Basically, you were hurt by a particular group (in any way, shape, or form) and in an act of vengeance, you label _everyone_ from that group with the same brush and fear them. You assume everyone are like the specific people who hurt you and treat them accordingly (either by avoiding them, outright hostility, whatever.)

Is it possible to be bigoted against a group because of pain rather than a sense of smug superiority? In addition, could the bigotry go both ways? How long could this bigotry last? 

 Because I'm plotting out a character, an American, who was cyberbullied online by someone from another nation who kept giving her grief because she was American. In turn, not sure how to act or respond, she begins to hate _everyone_ from that nation, not wanting anything to do with that nation, its culture. She reasons, "If they hate me, I'll hate them!" and fears that anyone she meets from that nation is just like the ones who picked on her in the forum.

Would that be wholly realistic of her?

Would it also be realistic for her to carry this personal vendetta well into college (this happened when she was in high school)? 

Thirdly, and this kind of ties into the overall story/setting. This story is a YA mystery/adventure set in the US, and the protagonist is part-Canadian, part-American because half of his family is from Canada. They're fellow college students, best friends, but she doesn't know he's part-Canadian. Until she finds out a little later when she learns he's going to Ottawa to visit his grandmother. I'm not really sure how she'd act. Either she flips all the metaphorical tables or rationalizes it with the usual "Well...he's just the exception!" rationality and goes about her day while harboring a secret fear that he's going to erupt into an anti-American rant any second -- basically treating him like a time bomb.

I guess the overall question is: how does the psychological aspect of this kind of bigotry work? A bigotry where you hate a group _not_ because you think you're superior over them in some way, but you were hurt by them. How does it work? Does what I just listed out about this character feel kind of realistic for someone with this sort of bigotry? How would they change their outlook, if they wanted to? 

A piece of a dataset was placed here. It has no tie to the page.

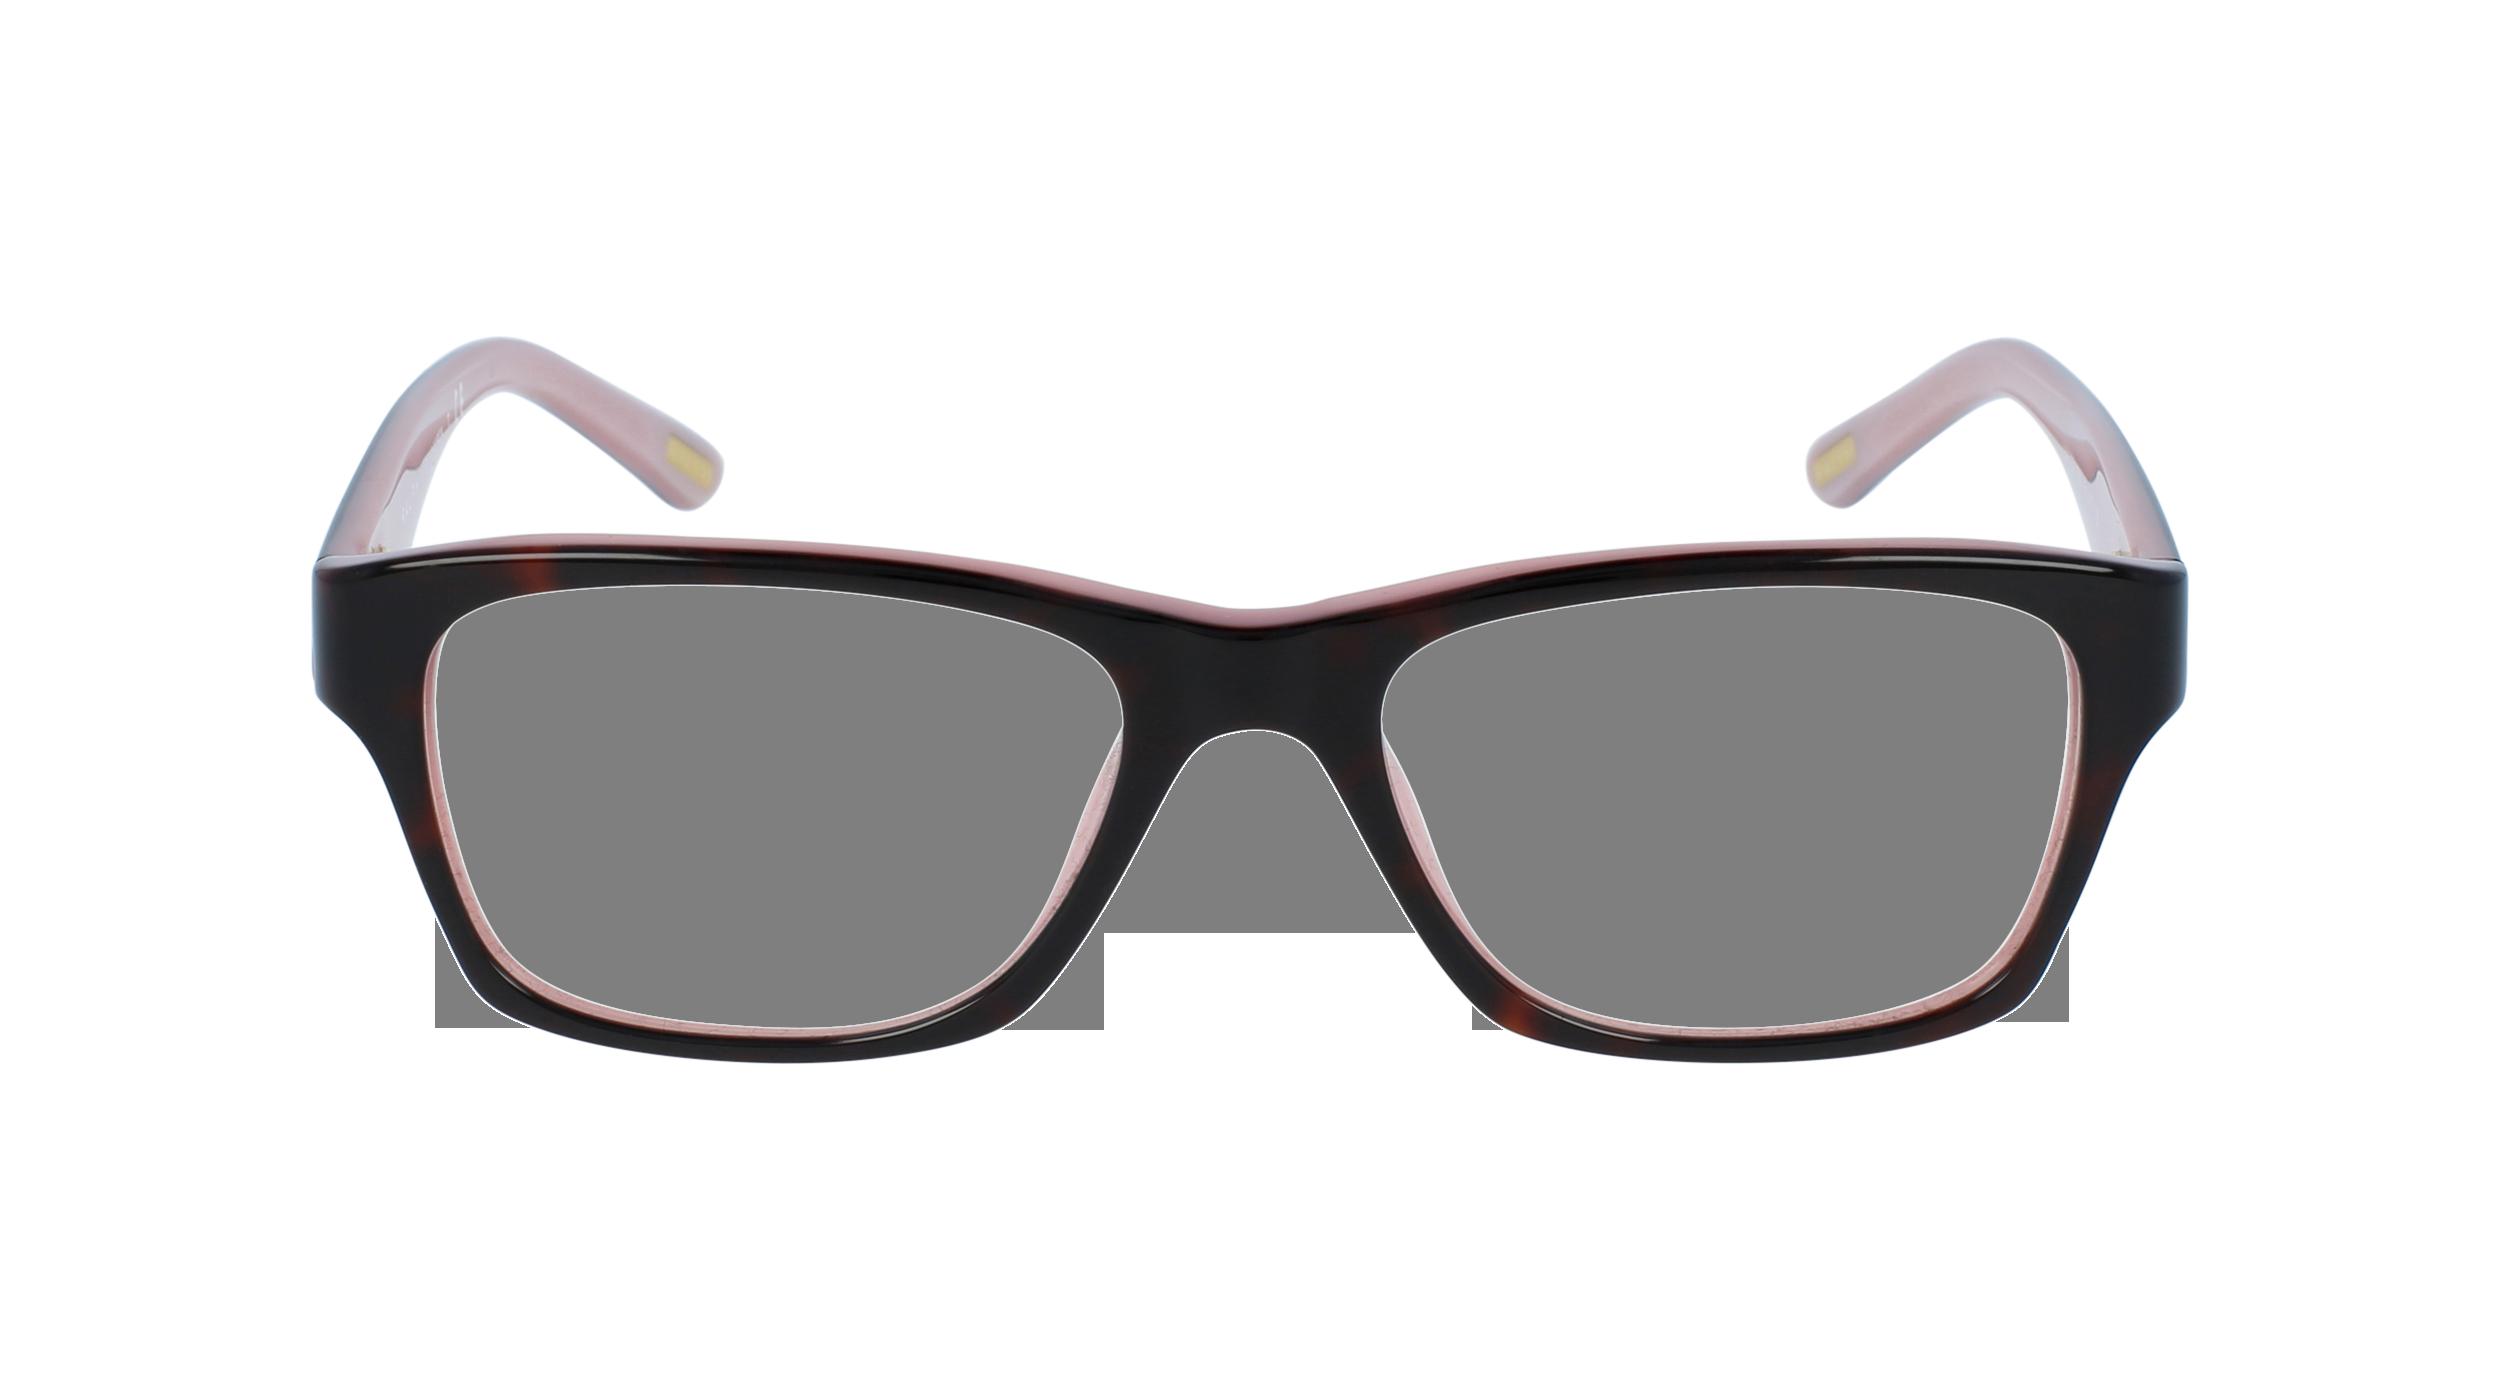 optic2000-lunettes-soleil-ralph

Thoughts? Advice? I want to get into the meat of this sort of psychology rather than the usual brush we see in media.


----------



## patskywriter (Jan 29, 2016)

Just about any response would make sense, because there are so many different personality types.

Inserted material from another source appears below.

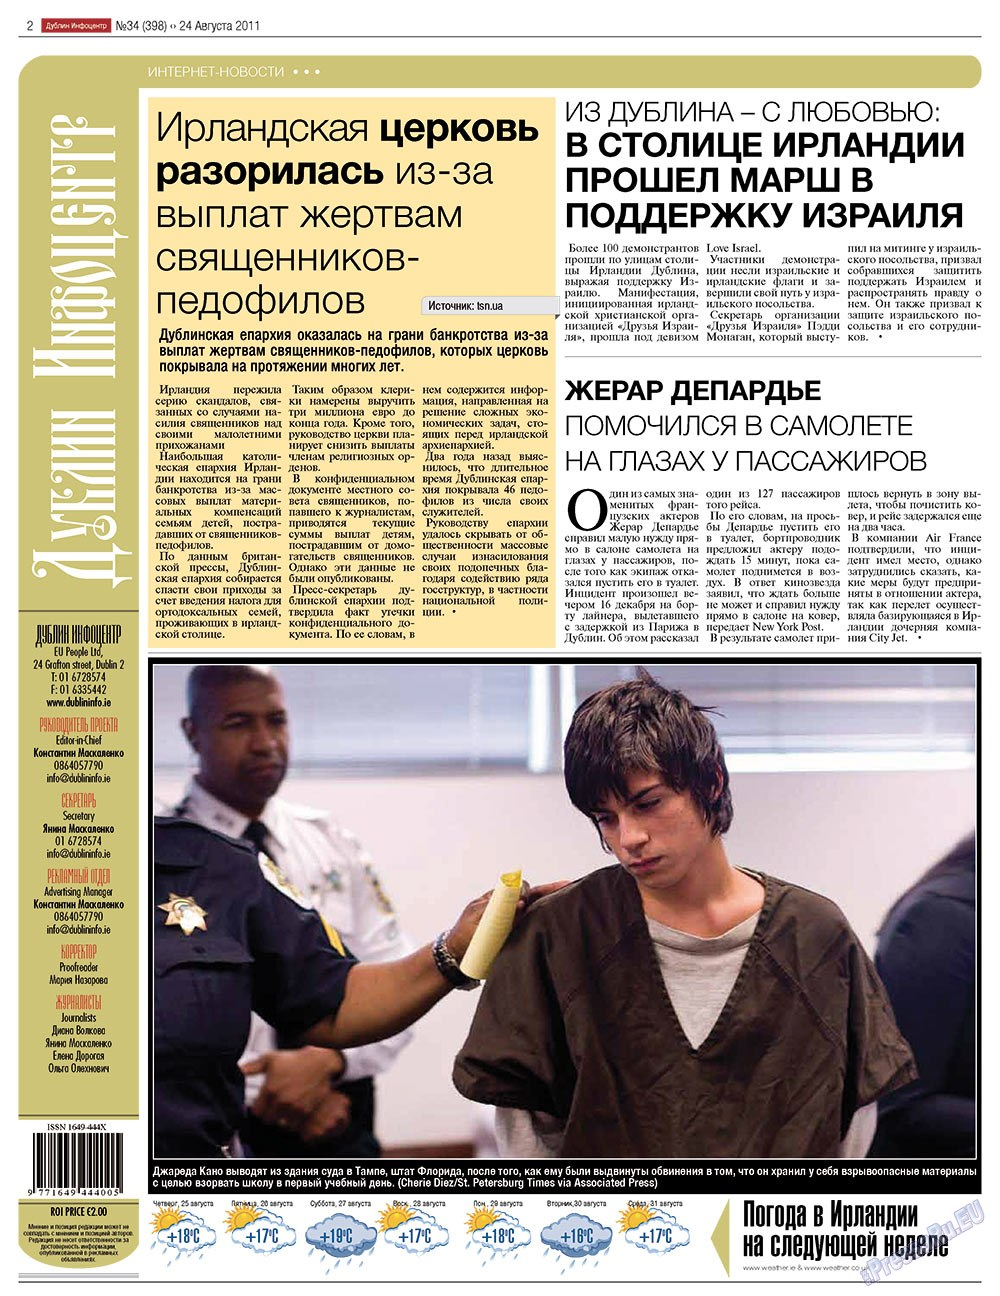 Дублин инфоцентр (газета). 2011 год, номер 34, стр. 2

I know plenty of black folks, myself included, who have been told by white people, “Oh, I don’t really see you as a black person.” That’s a compliment in their eyes but an insult in ours. In order to accept me (and other black people), these folks have found it necessary to see us as exceptions, or they have decided that they like us _despite_ the fact that we’re black. Your character could take this attitude … or she could react like an Indian guy my mom observed at a dinner party. The topic of caste came up, and this well-educated, haughty Indian man went into a long explanation why the lower caste (then called “untouchables”) would never measure up to other Indians and would never find any success. The other Indian man at the table, also well-dressed and educated, asked him, “What do you think of me?” (The other guy should have seen what was coming.) The first guy answered, “I think you’re very intelligent and I’m enjoying our conversation.” (You know where this is going, right?) The second man said, “Well, I’m one of those untouchables.” The first man literally overturned the table—he was that shocked when he jumped up and backed away. My mom said that even she had never seen such a ridiculous display, and she’s from the American South.

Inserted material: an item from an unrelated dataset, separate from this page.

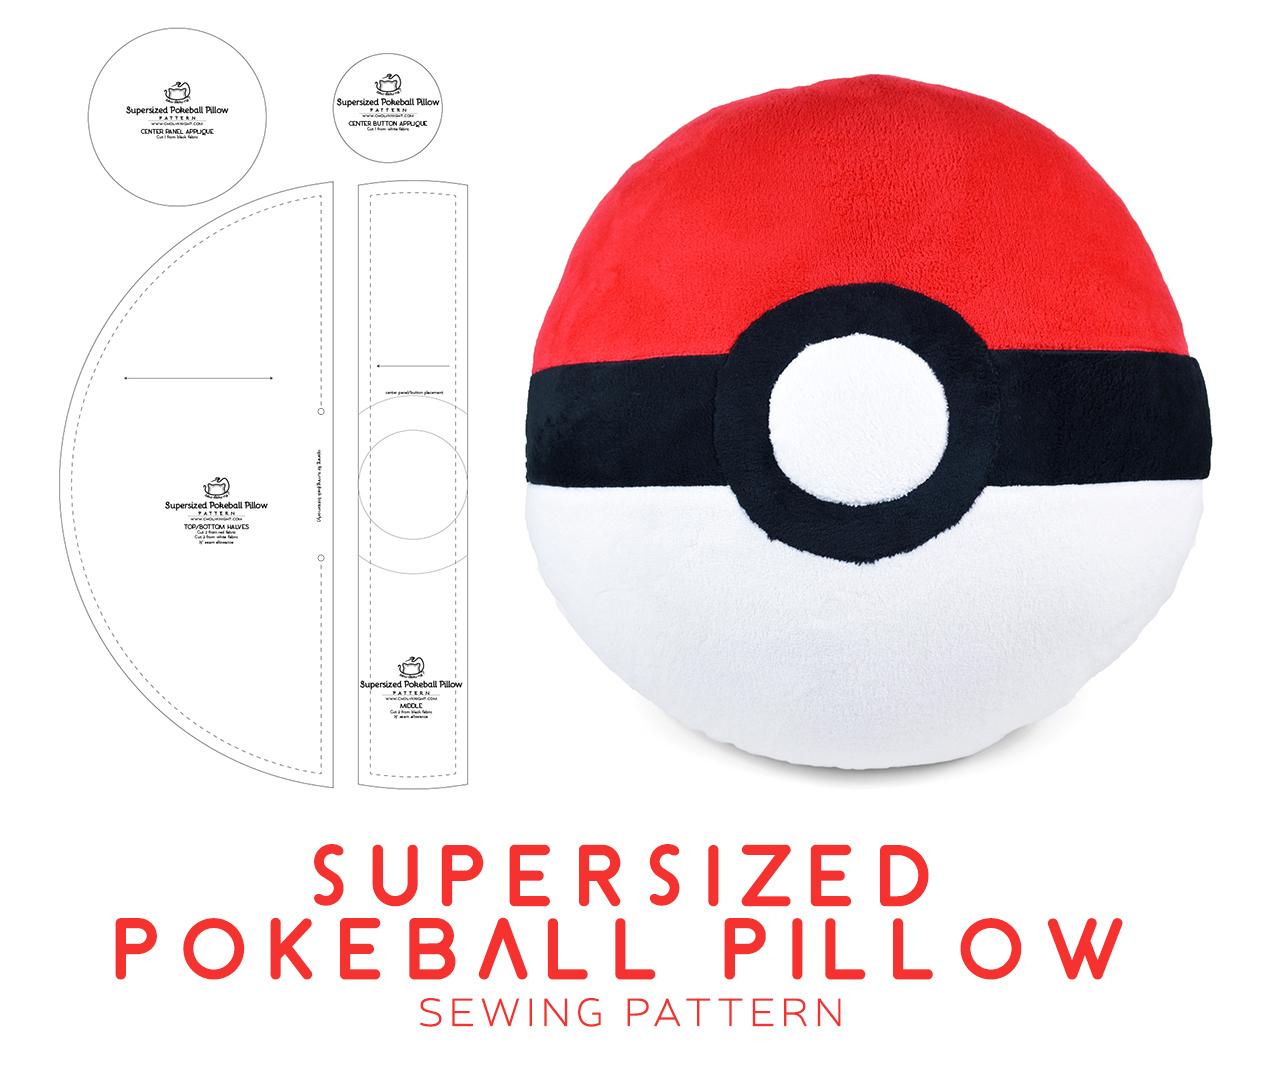 Supersized Pokeball Pillow Sewing Pattern by SewDesuNe

Anything along that spectrum will do. Choose whatever reaction suits your story line.


----------



## Kevin (Jan 29, 2016)

Having attended LA Unified, I'd say certain biases and stereotypes might easily be adopted due to one's experience. The evolution to bigotry... well, I guess that requires a definition. Yes, it happens.


----------



## Winston (Jan 29, 2016)

My mom was a young girl in Honolulu on 12/07/1941.  In addition to seeing thousands of men murdered in The Harbor below, later she witnessed many of her schoolmates uprooted and thrown into camps.

She hated the Japanese for the bombing, AND for her Japanese friends abandoning her.  

She had no time to heal.  During the war, the media and most individuals had no kind words for "The Japs".  She carried that hatred, to some degree, to the day she died.


----------



## Riis Marshall (Jan 29, 2016)

Hello Green

It might be helpful for you to read Mark Twain's _Pudd'nhead Wilson_ for bigotry and hatred of the first order based wholly on people's perceptions of other people.

Then there was my grandfather, bless his heart. He hated John Steinbeck with a passion and the thought _The Grapes of Wrath_ was the filthiest book ever written, not because it contained a little bit of sex but because the author said farmers' hitting their lettuce pickers over the head with clubs wasn't a very nice thing to do.

All the best with your writing.

Warmest regards
Riis


----------